Listen to this article
At 8pm one sunny evening I was standing deep in thought by a bus stop in the small town of Moneglia on the Ligurian coast of Italy, just north of the Cinque Terre National Park.
During the day I had received emails from readers in Brussels and Los Angeles, both notifying me of yet another version of “the world’s top 100 restaurants”. While I appreciate the enormous interest this approach generates, I do feel it ignores two aspects of restaurant-going that I find almost as exciting as the food: the sense of occasion – the reason a particular meal becomes so firmly lodged in one’s memory – and the element of surprise. Extraordinary meals often occur when least expected.
Suddenly a young woman stopped her car in front of us, rolled down the window and inquired whether we were the customers for La Ruota restaurant. Yes, we said, and at her invitation jumped in. Ten minutes and numerous hairpin bends later, she drew abruptly into the restaurant’s car park. As we walked into the restaurant itself, delighted to have been spared a steep climb on foot, we had not the slightest idea that we were walking past a great wine cellar full of French and Italian gems.
La Ruota’s interior is simple, with black-and-white photographs, red tablecloths and an old wooden model boat in the middle of the dining room. But its position is breathtaking. Rather like a restaurant in a ski resort, the dining room sits with large windows on two sides, overlooking the bell tower of Moneglia far below, its beach, the calm sea and the boats in the harbour. The vista only improves when the stars come out.
As our taxi driver went back to her waitressing role, a young man came forward to greet us; he was wearing a perfectly ironed blue shirt with collar carefully upturned beneath his yellow apron. We shook hands and, after ascertaining that his English was better than my Italian, we sat down and were promptly served a complimentary glass of a 2011 Sardinian Vermentino di Gallura.

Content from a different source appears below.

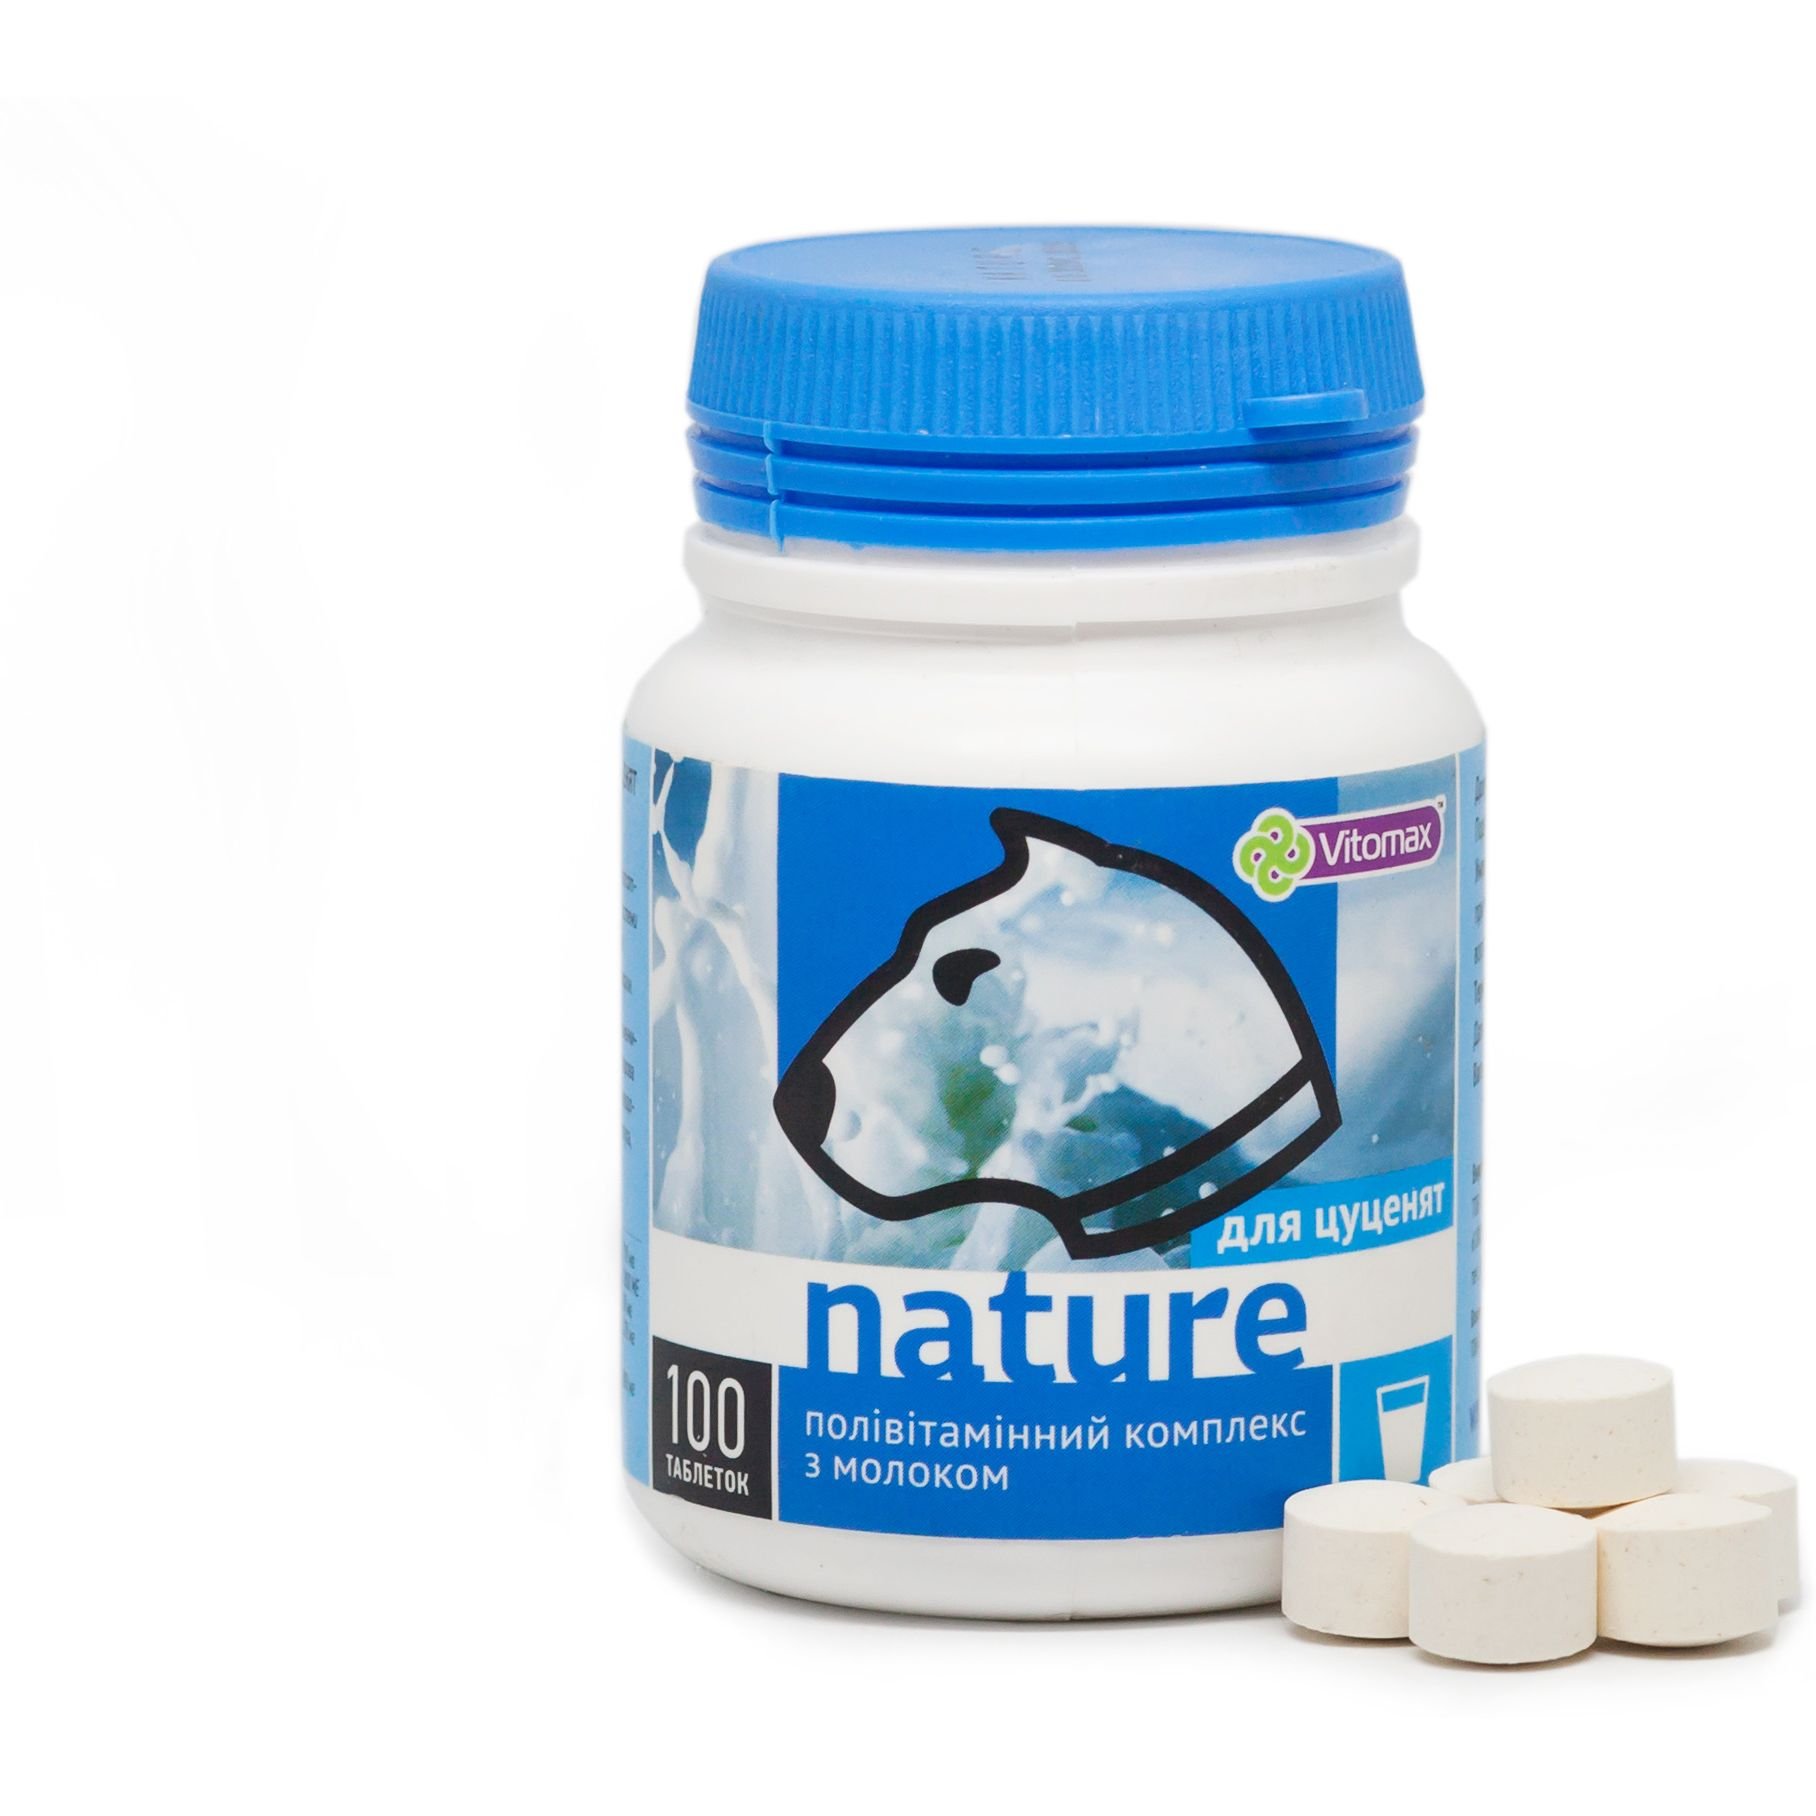 Поливитаминный комплекс Vitomax Nature для щенков с молоком, 100 таблеток - фото 2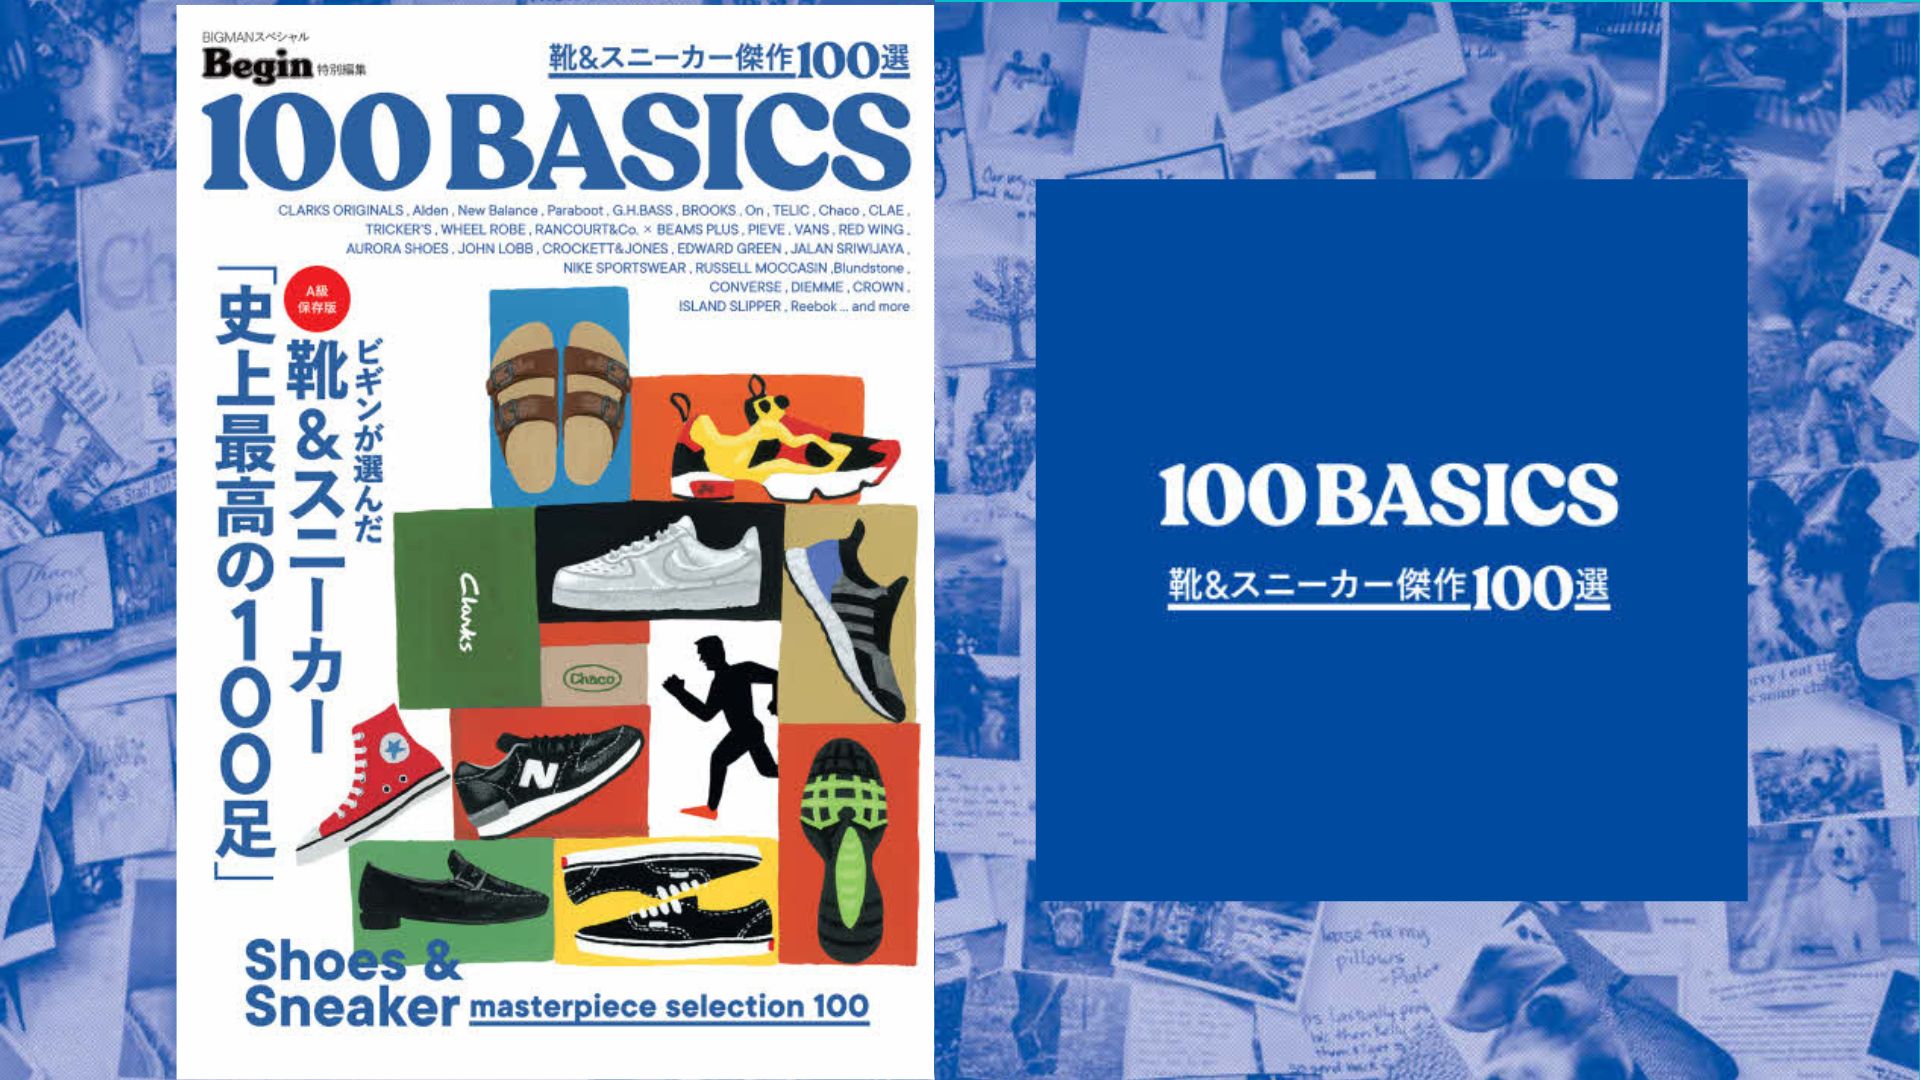 8月16日発売 Begin “靴＆スニーカー傑作100選 100BASICS”

All I knew about La Ruota at this stage was that it serves a set fish-only menu costing €56 per person. I had no idea that I was about to witness a performance in which just two people – the chef, proprietor and sommelier Edoardo Compiano, and our waitress/taxi driver – did everything including the washing-up. I subsequently learnt that Edoardo had been born in this room and that his father, who collected French wines, had opened the restaurant 43 years earlier.
Compiano began by reciting with great passion the seven dishes on our menu, and no sooner had he finished than our first course arrived: super-crisp, deep-fried aubergine, onions and seafood next to two small bowls of orange cubes of three different hues. He explained that frying is a widely used Ligurian cooking method, though I doubt whether many other batters taste as clean and fresh as this did.
With the next course, a bruschetta of goat’s cheese with thinly sliced tuna and salmon and a fried langoustine (and, in Italian fashion, no lemon, as the fish was so fresh), we tried a glass of Rossese 2011, the local red grape. This led to the delivery of the wine list and an abrupt silence at our table.
Several of Italy’s top wines, including vintages of the highly sought-after Sassicaia and Tignanello, were listed at very restrained mark-ups. We finally settled on a bottle of the 1994 Tignanello for €65, less than its retail price in the UK. Here it had the extra benefit of having been carefully stored for 18 years no more than 20m away.
The success of these first two courses, and the seafood panzanella that followed – a luscious combination of scampi, warm tuna, tomatoes, olives and crisp, torn toast – was logistically possible for a staff of two to deliver to the six tables because they were served on “sharing plates”. So too was the serving of crêpes as dessert, prepared in the kitchen before Compiano turned flambé chef in the dining room.
Before then, he had gone around the room with a whole dentex, a large Mediterranean fish known for its protruding teeth and here baked under salt and served with potatoes and more cubed orange. His final – and most dramatic – dish comprised sticks of celery standing on a plate, to which a dozen steamed shrimps were attached.
The only hiatus came just before this course, when Compiano produced a dish of taglierini with diced octopus and scampi. In Italy, the pasta-cooking process cannot be rushed, just as a memorable meal anywhere cannot be forced.
Via Perlemeglio 6, 16030 Moneglia, Italy +00 39 185 49565 (closed Wednesday); laruotamoneglia.it
25th anniversary competition
Congratulations to Henrietta Inman, who has won the competition to describe a memorable meal in 25 words or fewer: “I’m eleven, in Brasserie Lipp. Afraid to order steak tartare, pale chicken arrives; melancholy ensues …until dessert – mille feuille perfection; et maintenant je suis pâtissière.”